The Netherlands, July 2015

Peace Palace, The Hague. Built by the famous American entrepreneur Andrew Carnegie in 1905. The idea of a “Peace Palace” where international disputes would be settled came out of a conversation between an American and Russian diplomat in 1900. Upon the request of the American diplomat, Carnegie built the “Peace Palace,” and it has since been a monument and pilgrimage site for thinkers and writers interested in diplomacy and international law. I was also quite fit and slim at that time, as opposed to now.
International Criminal Court (ICC) at The Hague. Although limited in jurisdiction due to major power politics, the ICC still carries quite a bit of psychological and social clout if used in a smart way.

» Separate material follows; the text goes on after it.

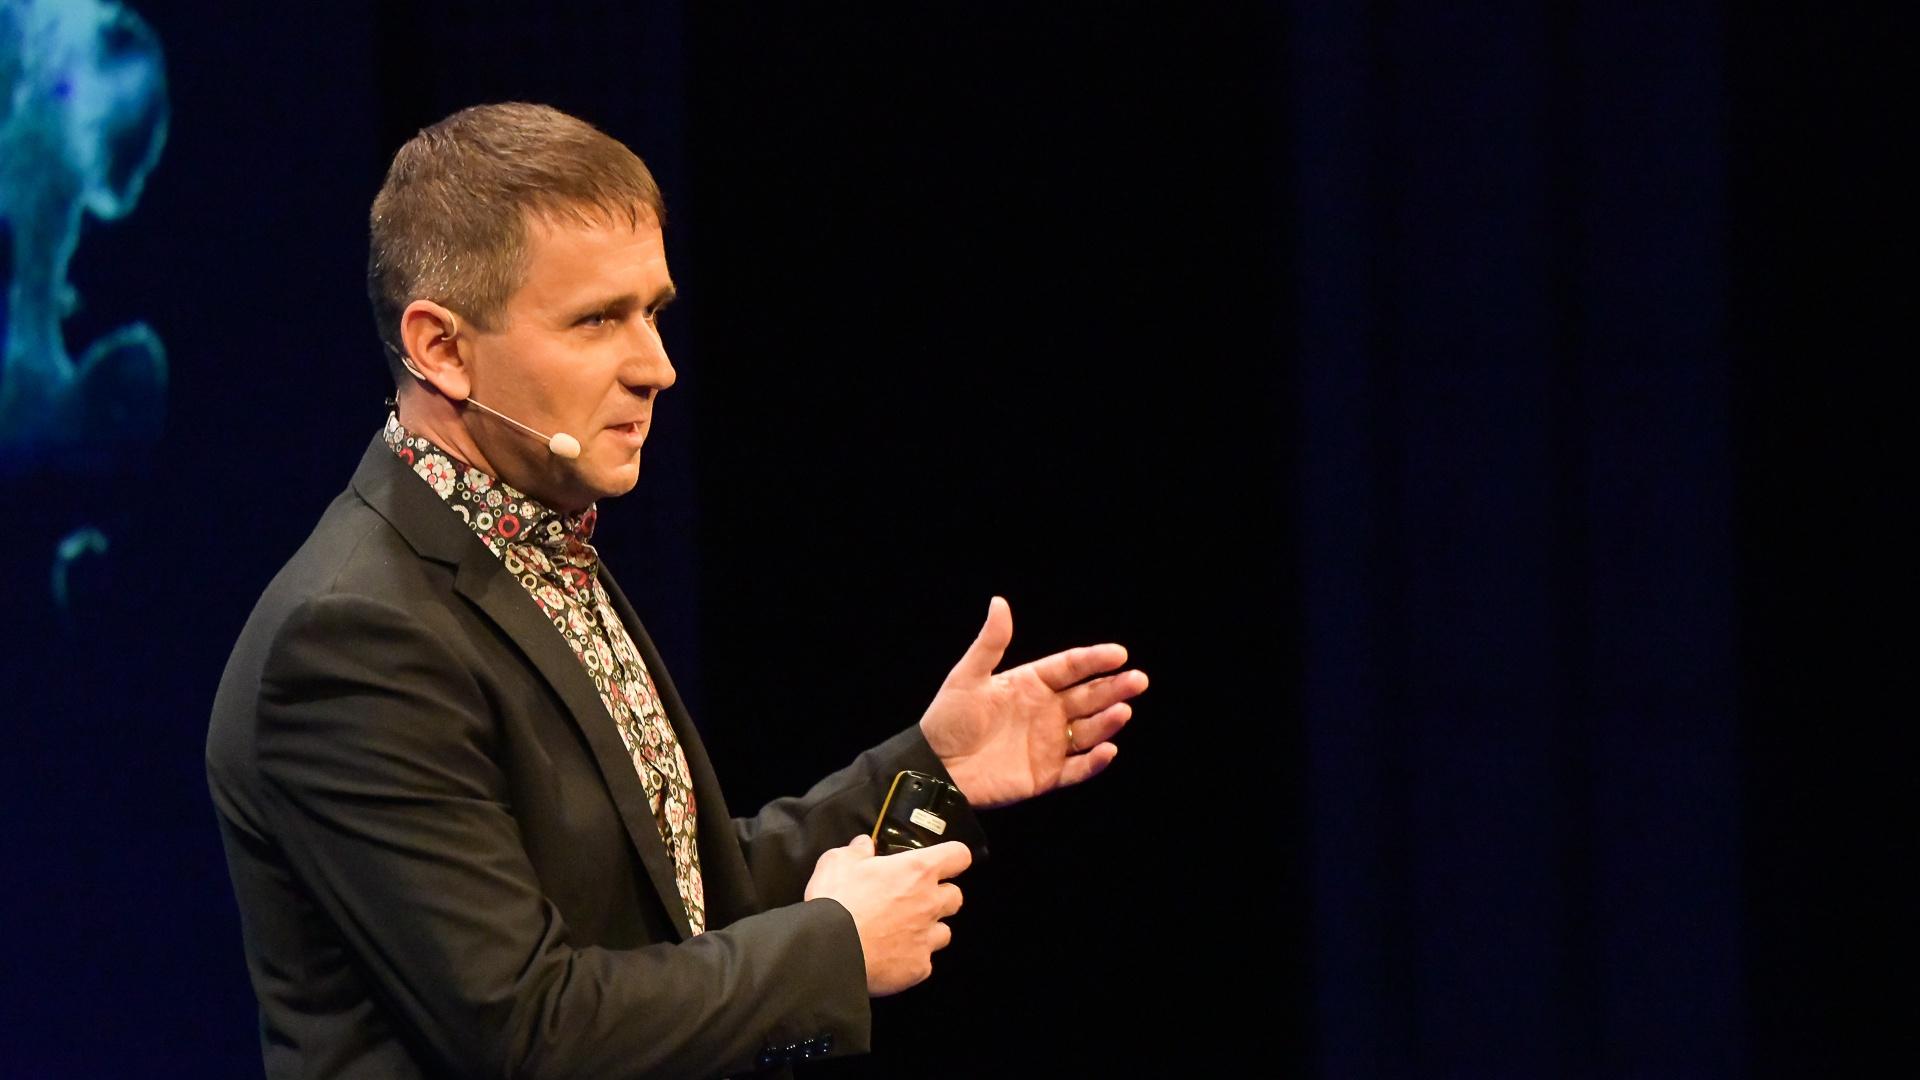 Petr Schaffartzik - Keynote konference K2 luna

Nieuwe Kerk, located in the heart of The Hague where the gravesite of Baruch Spinoza is located. Spinoza was one of the most powerful idealist philosophers of the Western tradition. Known for being excommunicated from his Jewish community in Amsterdam for his eccentric and esoteric views, Spinoza is one of the least appreciated philosophers of the Western tradition. Bertrand Russell famously said that the philosopher who was dearest to his heart was Spinoza. Aside from his work on ethics for which he is most known for, Spinoza deserves a lot of credit for ingraining the concept of predestination in the Western philosophical tradition.